Король жестом приказал другу уйти, тот подчинился, Ровенна успокоилась и с прежним обожанием посмотрела на сурового, красивого и, по-прежнему недостижимого для нее, Солнечного короля. Мужчину, которого всегда любила.
— Я так ждала тебя.
— И я пришел.
— Да, — расплылась в улыбке она. — Ты знаешь, никто не верил, что ты придешь, даже она.
— Она? Кто?
— Моя мать, — как само разумеющееся, сказала Ровенна. — Она приказала мне соблазнить этого идиота, но поверь, поверь, дорогой, я не хотела, она заставила меня. Я не хотела… я хотела принадлежать только тебе, только тебе.
— Я знаю, что ты хотела. Ровенна, где она?
— Кто?
— Ты знаешь. Где она?
Несколько секунд женщина непонимающе смотрела на него, а затем ее взгляд переменился, лицо приняло хищные черты, и улыбка превратилась в злобный оскал.
— Ах, вот зачем ты приехал, Солнечный король? Вернуть украденное. А что, если я не скажу?
— Ты скажешь, — пообещал он. Угроза возымела действие, страх зародился в выцветших глазах. Правда, ненадолго.
— Я всегда любила тебя, всегда. Но ты предпочел мне эту маленькую дрянь. Не вини меня, что я украла твое счастье. Ведь ты несчастлив.
— Где она, Ровенна?
— Скажи мне, ты несчастлив? Скажи мне, ты жалеешь? Жалеешь, что не дал своей дряни убить меня тогда?
— Где она? — в который раз терпеливо повторил он. С ней сейчас нельзя было спешить и загонять в угол.
— Отвечай! — крикнула Ровенна, но быстро погасила свой гнев, улыбнулась, теперь уже нагло, совершенно четко понимая, что он весь в ее власти. — Тогда, быть может, я тебе скажу.

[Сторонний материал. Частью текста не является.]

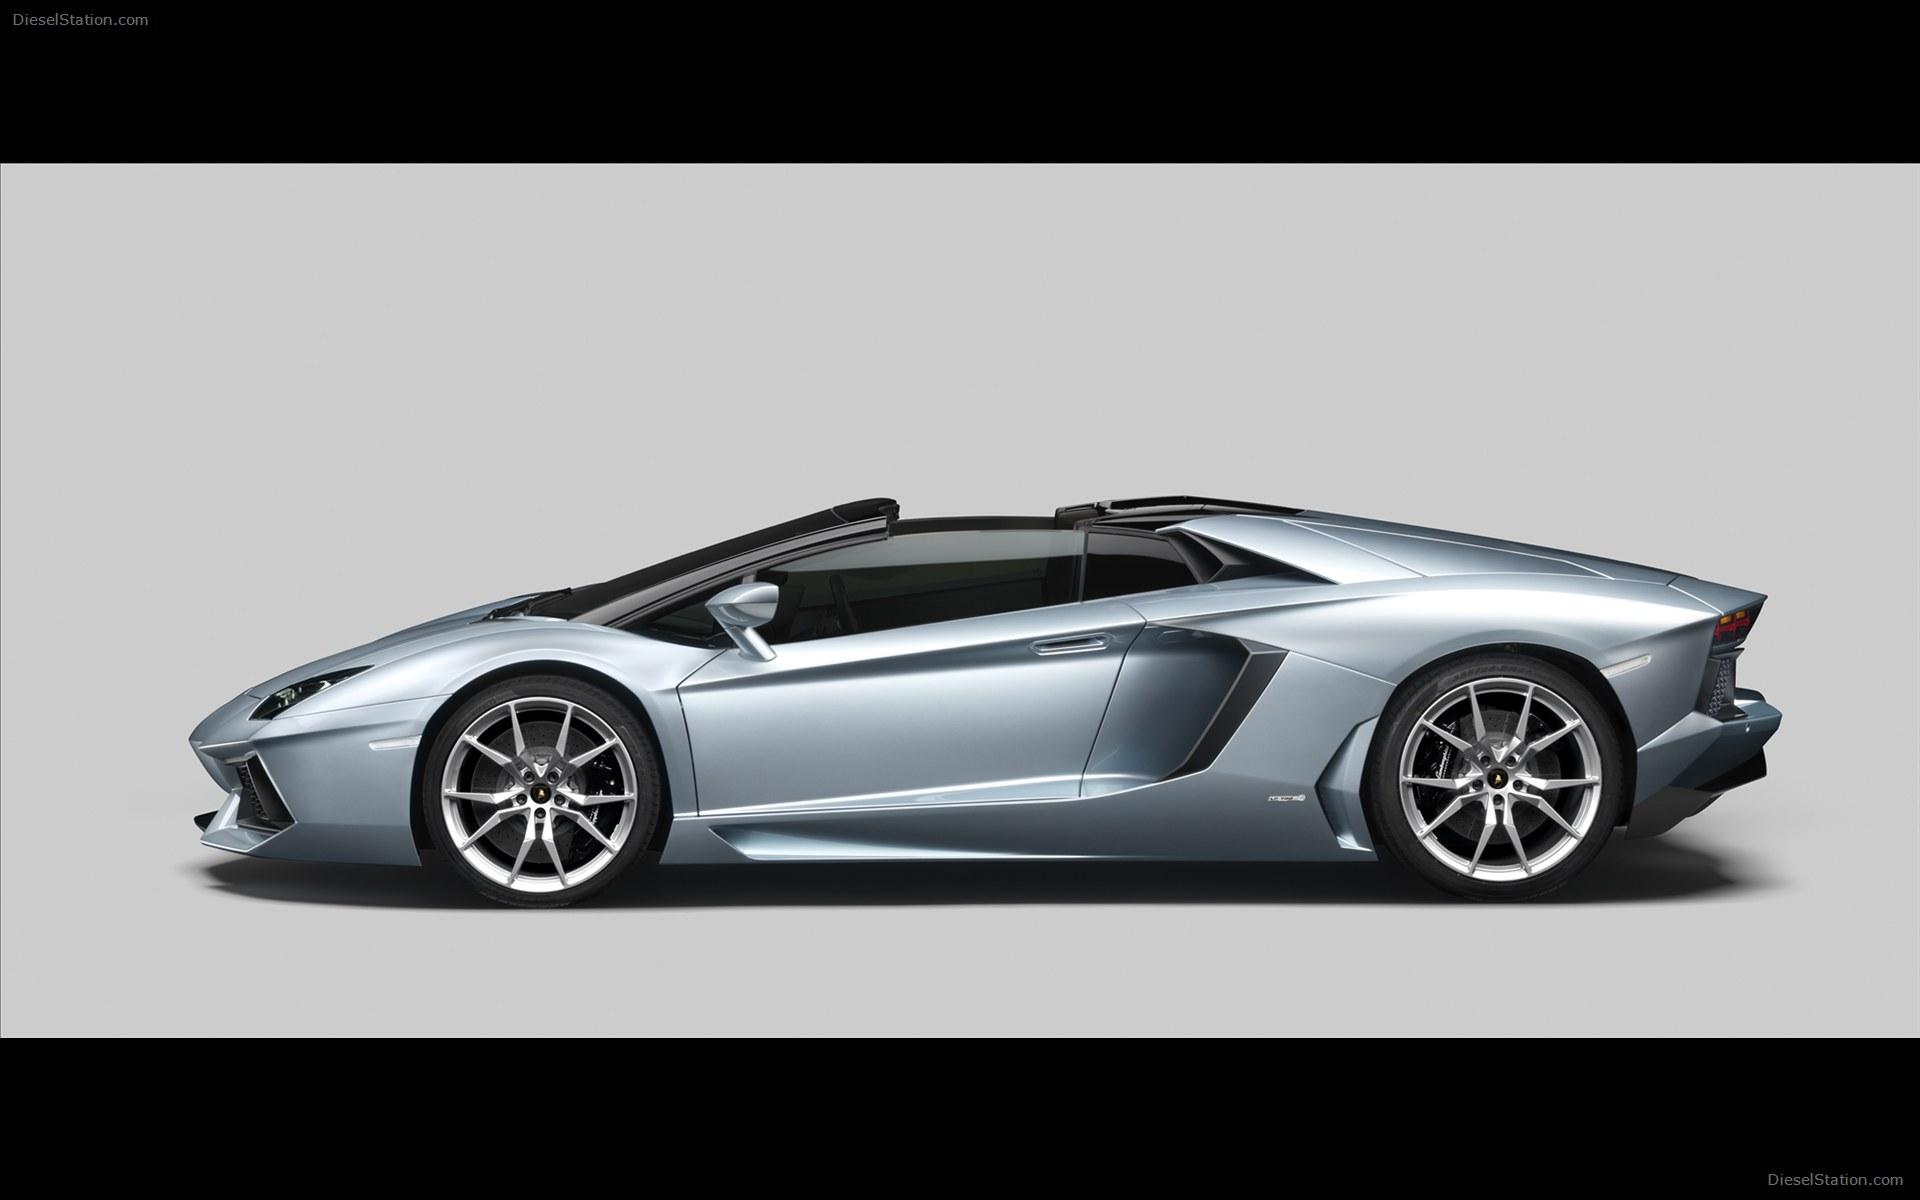 LamborghiniAventador 12 Car Desktop Background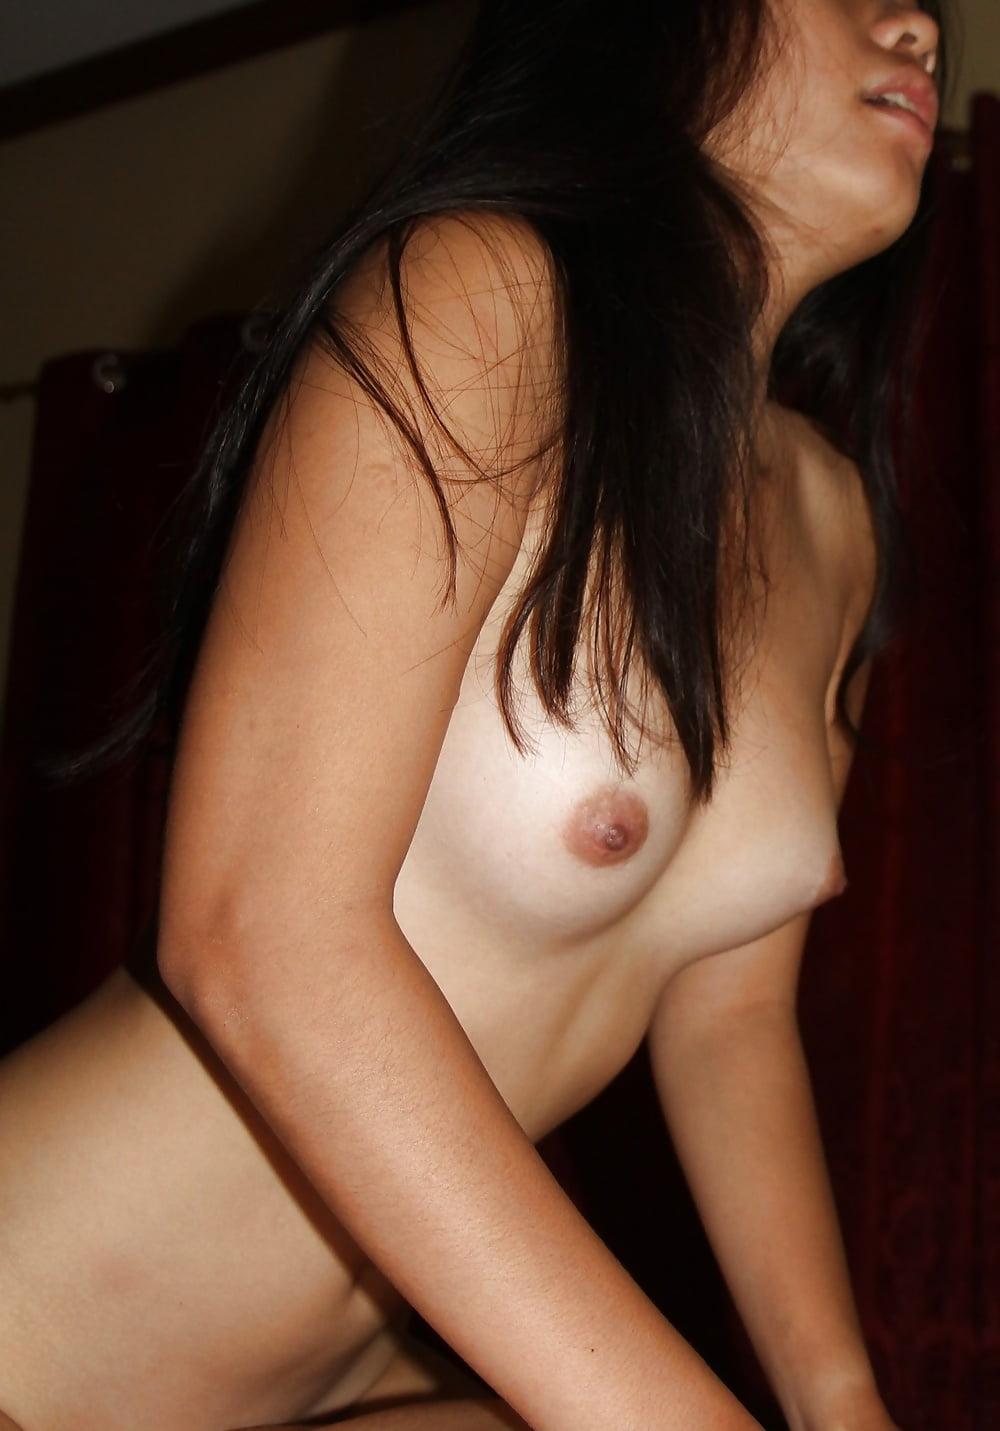 Teen asian shows off thong

— Да, — резко ответил он. Все что угодно, лишь бы тварь сказала. — Я не счастлив. Где она, Ровенна?
— Умерла.
— Ты лжешь!
— Если даже и нет, то очень скоро это случится. Ты как всегда, опоздал, Солнечный король. В поисках меня, ты упустил реальную угрозу. Теперь ты больше никогда ее не найдешь, никогда!
— Где она? — в который раз спросил он, но теперь в его голосе была настоящая, неприкрытая угроза. И она поняла это.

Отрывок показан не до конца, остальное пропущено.